**WORK TO COMPLETE**
Within the material below, locate the line with "Une superbe scène" and the line with "Joseph Solman (25", then return those two lines and all lines between them, exactly as written.

**DATASET**
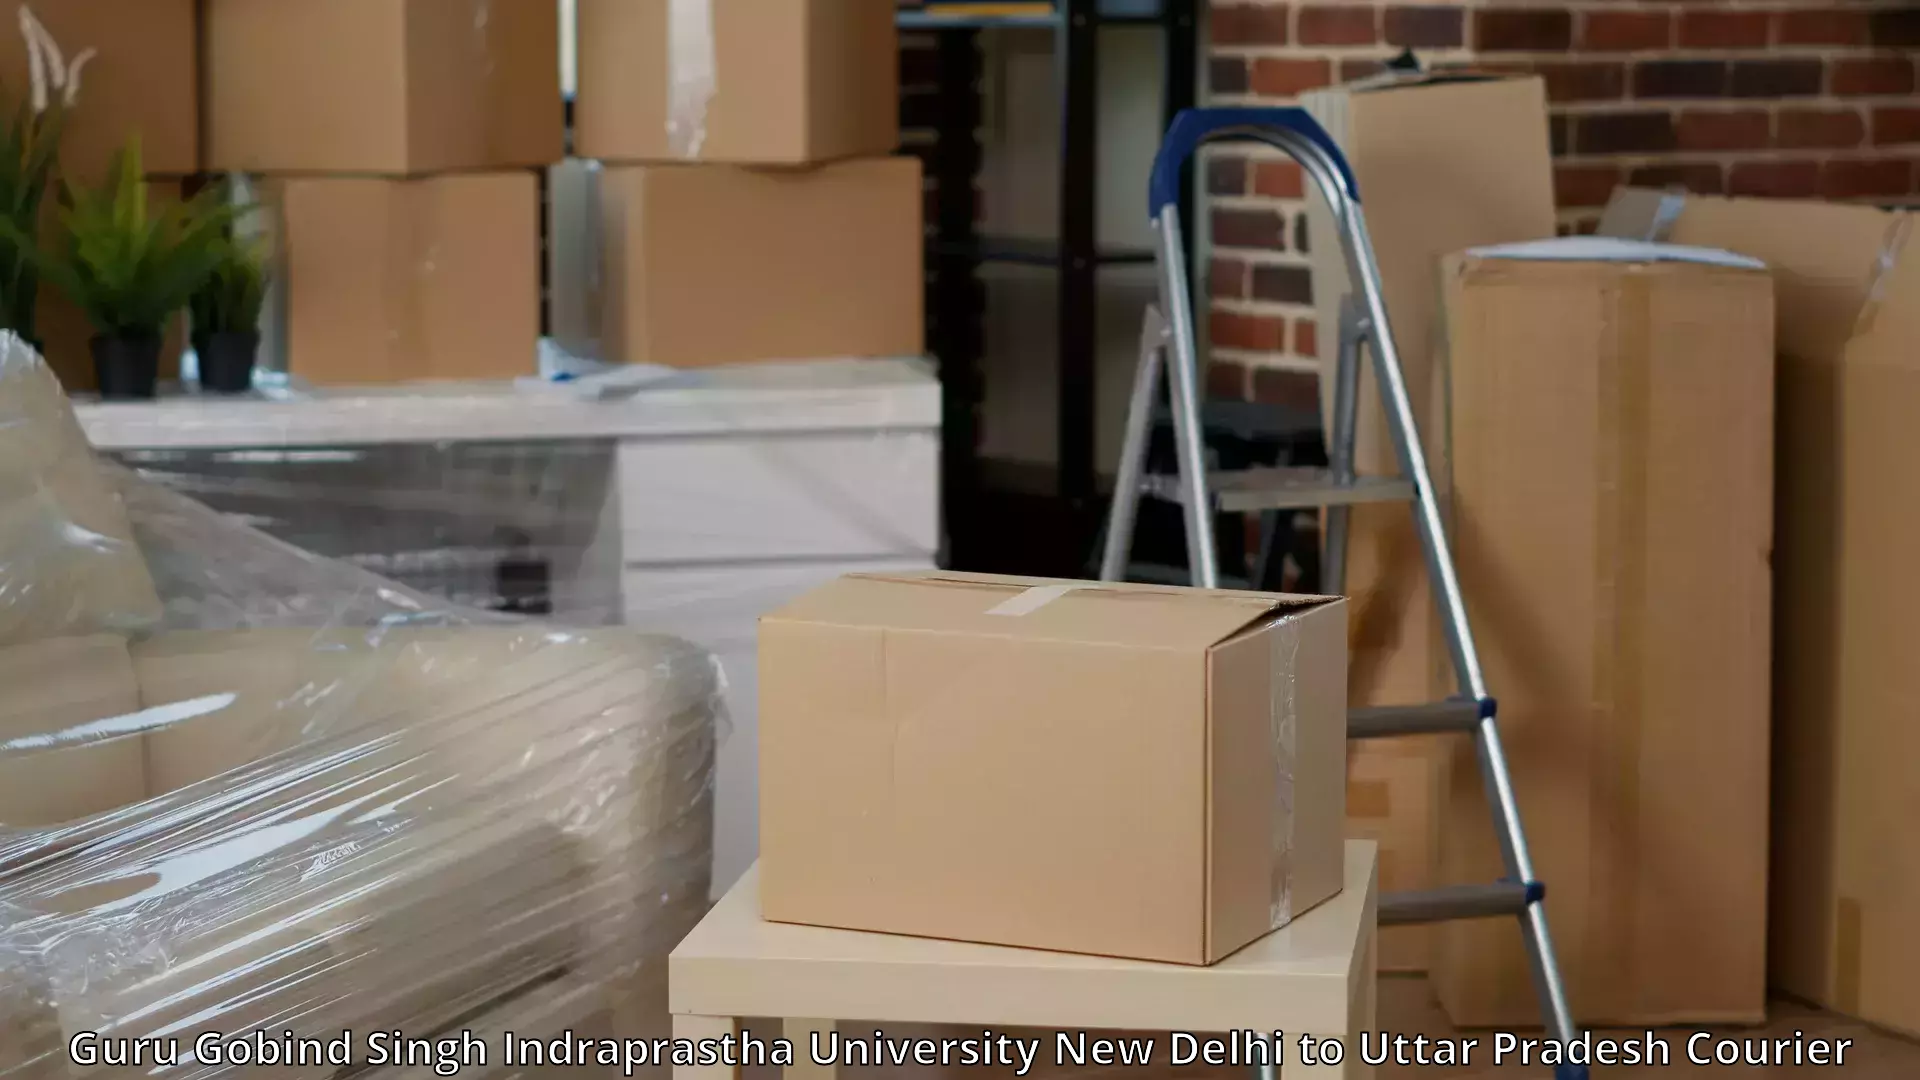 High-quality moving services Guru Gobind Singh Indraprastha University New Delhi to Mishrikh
* * *
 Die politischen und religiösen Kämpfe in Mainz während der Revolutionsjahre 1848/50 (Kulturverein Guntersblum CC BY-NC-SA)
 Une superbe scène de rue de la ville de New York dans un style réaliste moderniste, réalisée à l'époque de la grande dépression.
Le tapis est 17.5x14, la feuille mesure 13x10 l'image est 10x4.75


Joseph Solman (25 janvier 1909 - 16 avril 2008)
==
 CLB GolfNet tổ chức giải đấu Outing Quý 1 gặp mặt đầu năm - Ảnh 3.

**YOUR SOLUTION**
 Une superbe scène de rue de la ville de New York dans un style réaliste moderniste, réalisée à l'époque de la grande dépression.
Le tapis est 17.5x14, la feuille mesure 13x10 l'image est 10x4.75


Joseph Solman (25 janvier 1909 - 16 avril 2008)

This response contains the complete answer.